* _INFORMATION PROVIDED_
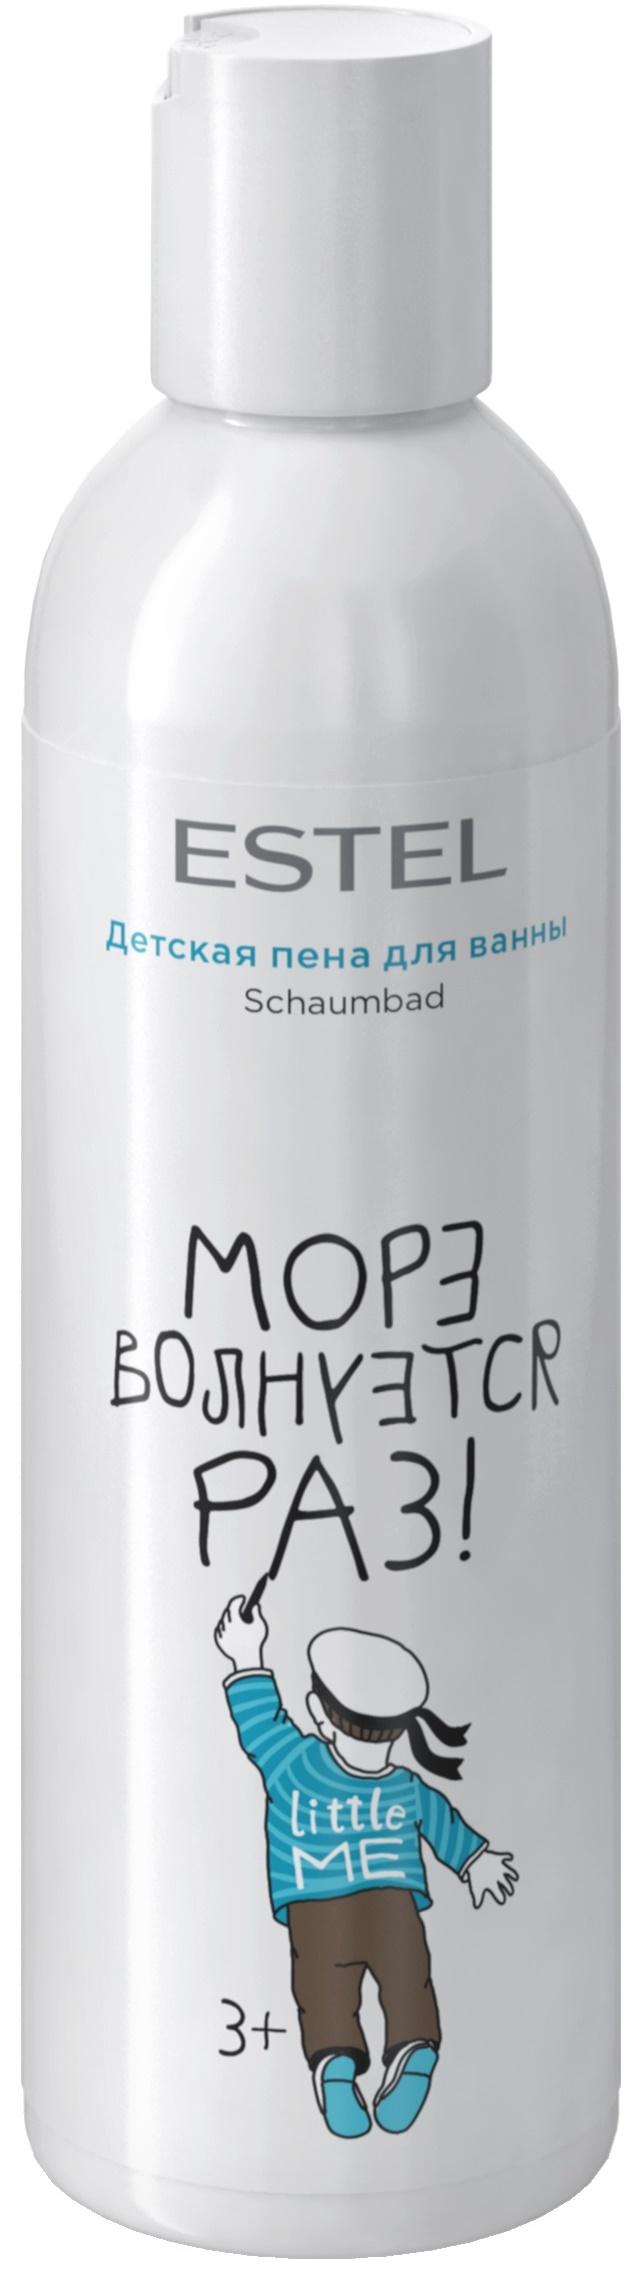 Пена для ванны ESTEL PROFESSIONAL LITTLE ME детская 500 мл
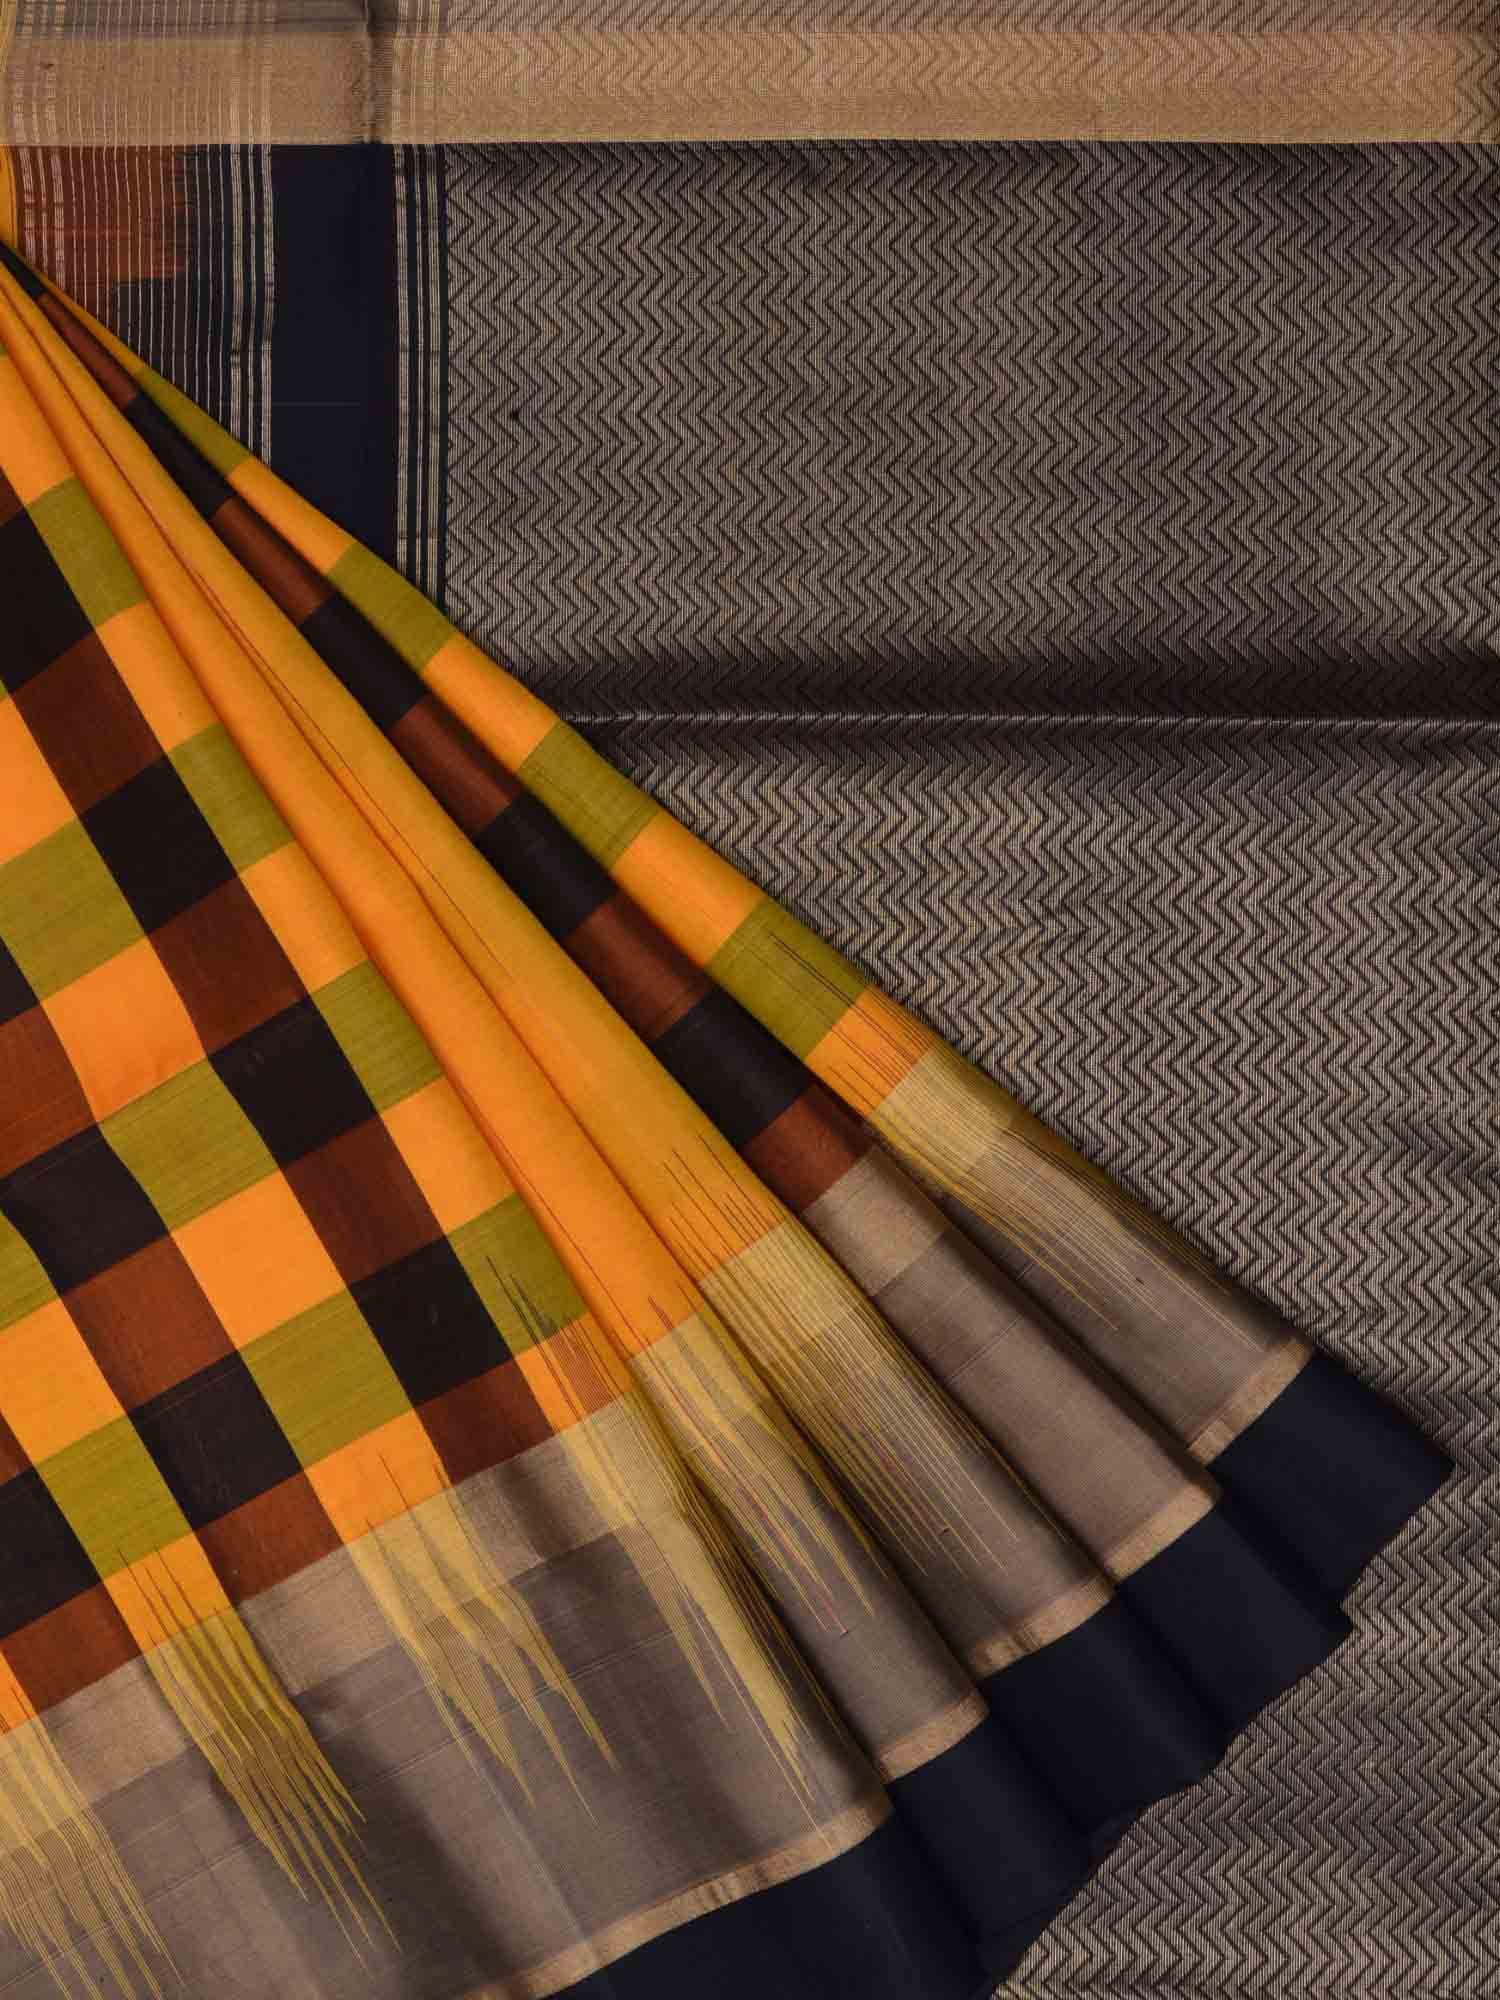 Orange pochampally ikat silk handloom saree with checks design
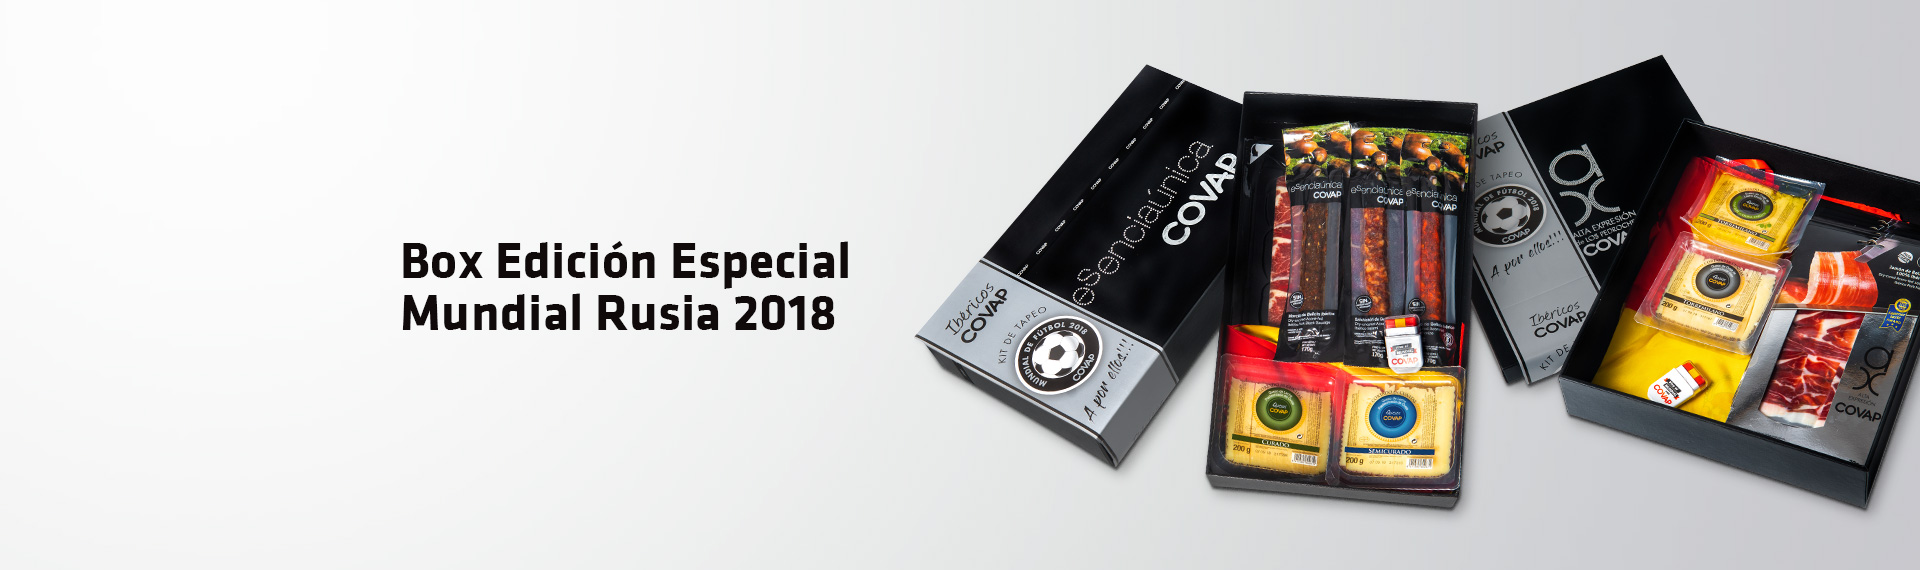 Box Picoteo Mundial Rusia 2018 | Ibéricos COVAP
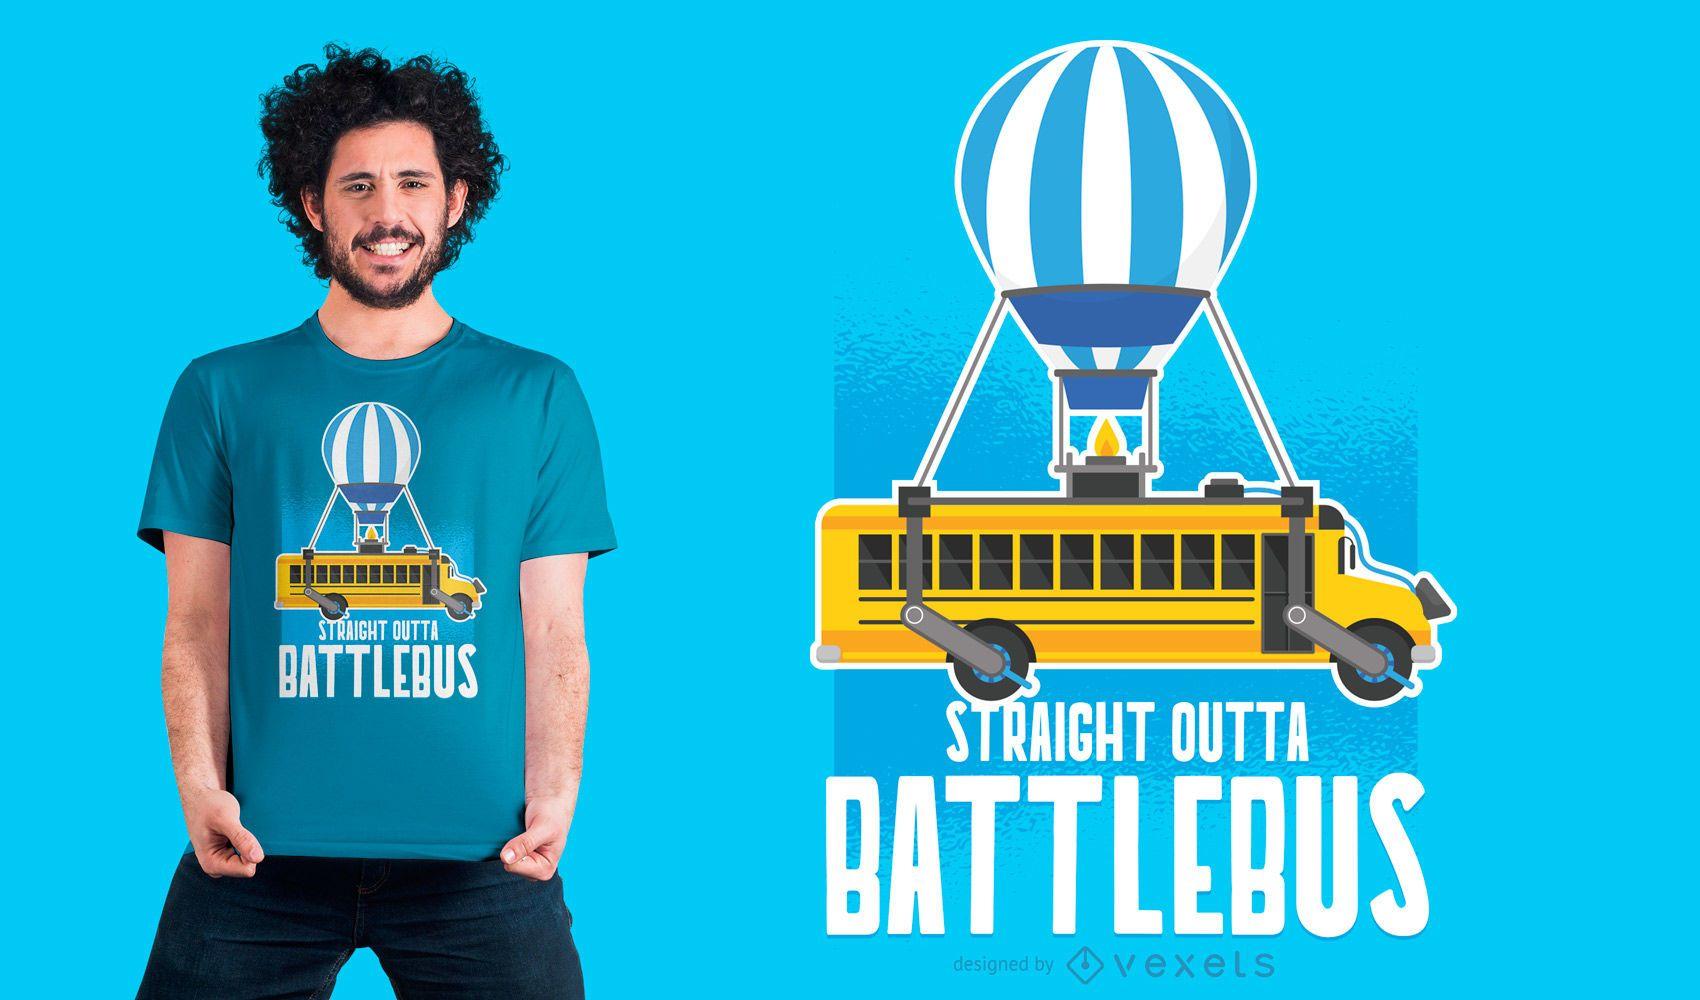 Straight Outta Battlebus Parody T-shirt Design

* _EXERCISE BRIEF_
For this exercise, return the material word for word and drop each image.

* _ANSWER TO THE EXERCISE_
 Пена для ванны ESTEL PROFESSIONAL LITTLE ME детская 500 мл
 Orange pochampally ikat silk handloom saree with checks design
 Box Picoteo Mundial Rusia 2018 | Ibéricos COVAP
 Straight Outta Battlebus Parody T-shirt Design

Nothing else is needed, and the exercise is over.